- _Your goal_
For the entries below, repeat exactly each line starting with the one that contains "19th Century China" and going on through the one that contains "A collage of", and no others.

- _Data records_
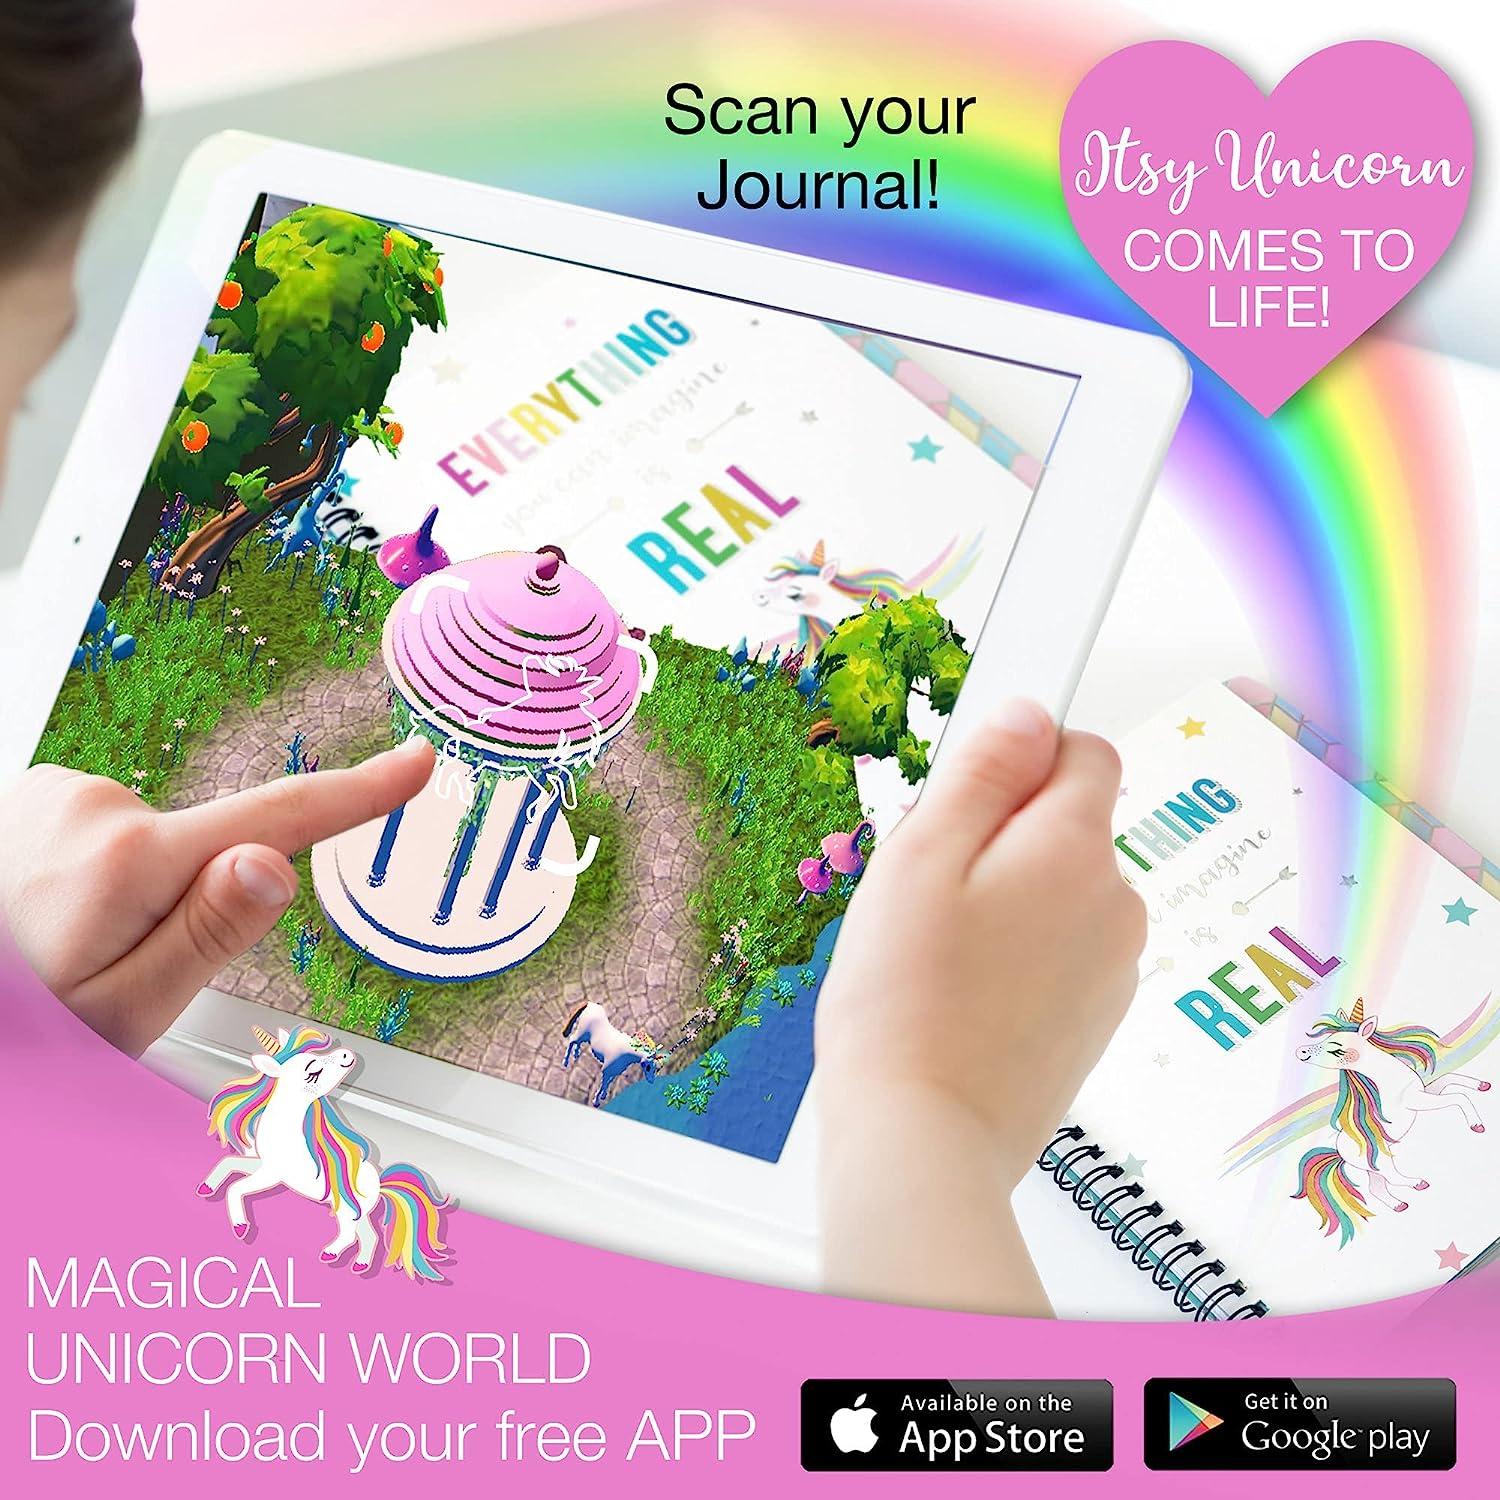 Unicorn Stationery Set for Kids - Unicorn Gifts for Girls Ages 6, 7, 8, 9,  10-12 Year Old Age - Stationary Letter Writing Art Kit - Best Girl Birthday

--

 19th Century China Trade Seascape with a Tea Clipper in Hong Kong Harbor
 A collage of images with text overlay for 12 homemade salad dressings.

...

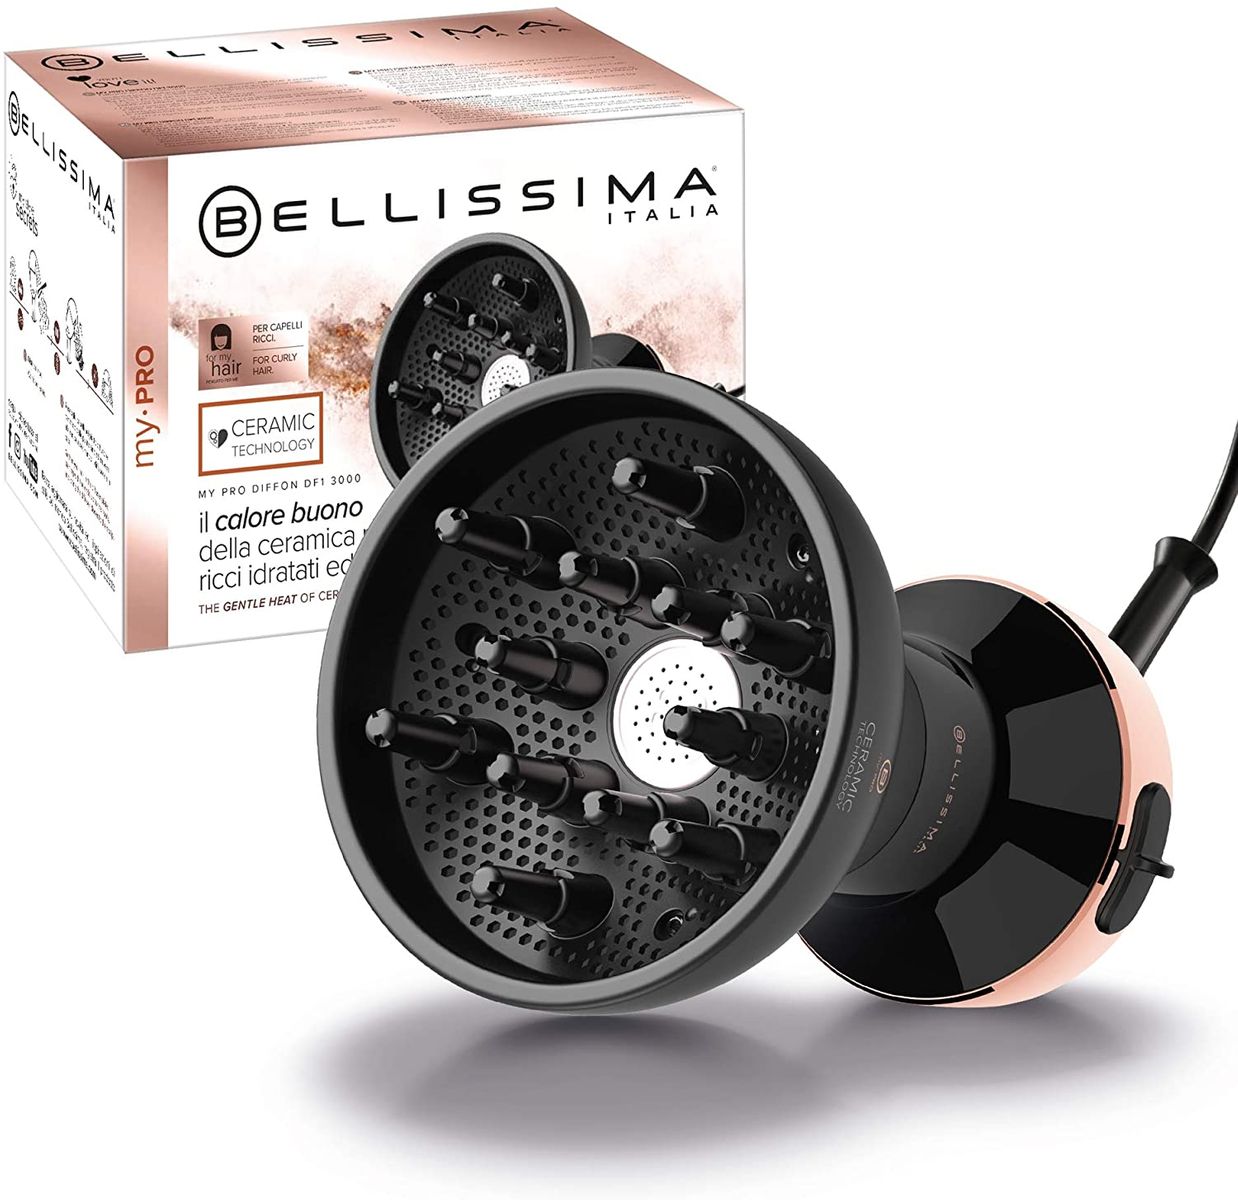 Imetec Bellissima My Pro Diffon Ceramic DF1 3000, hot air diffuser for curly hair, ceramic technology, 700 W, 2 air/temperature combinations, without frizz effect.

- _Result for this exercise_
 19th Century China Trade Seascape with a Tea Clipper in Hong Kong Harbor
 A collage of images with text overlay for 12 homemade salad dressings.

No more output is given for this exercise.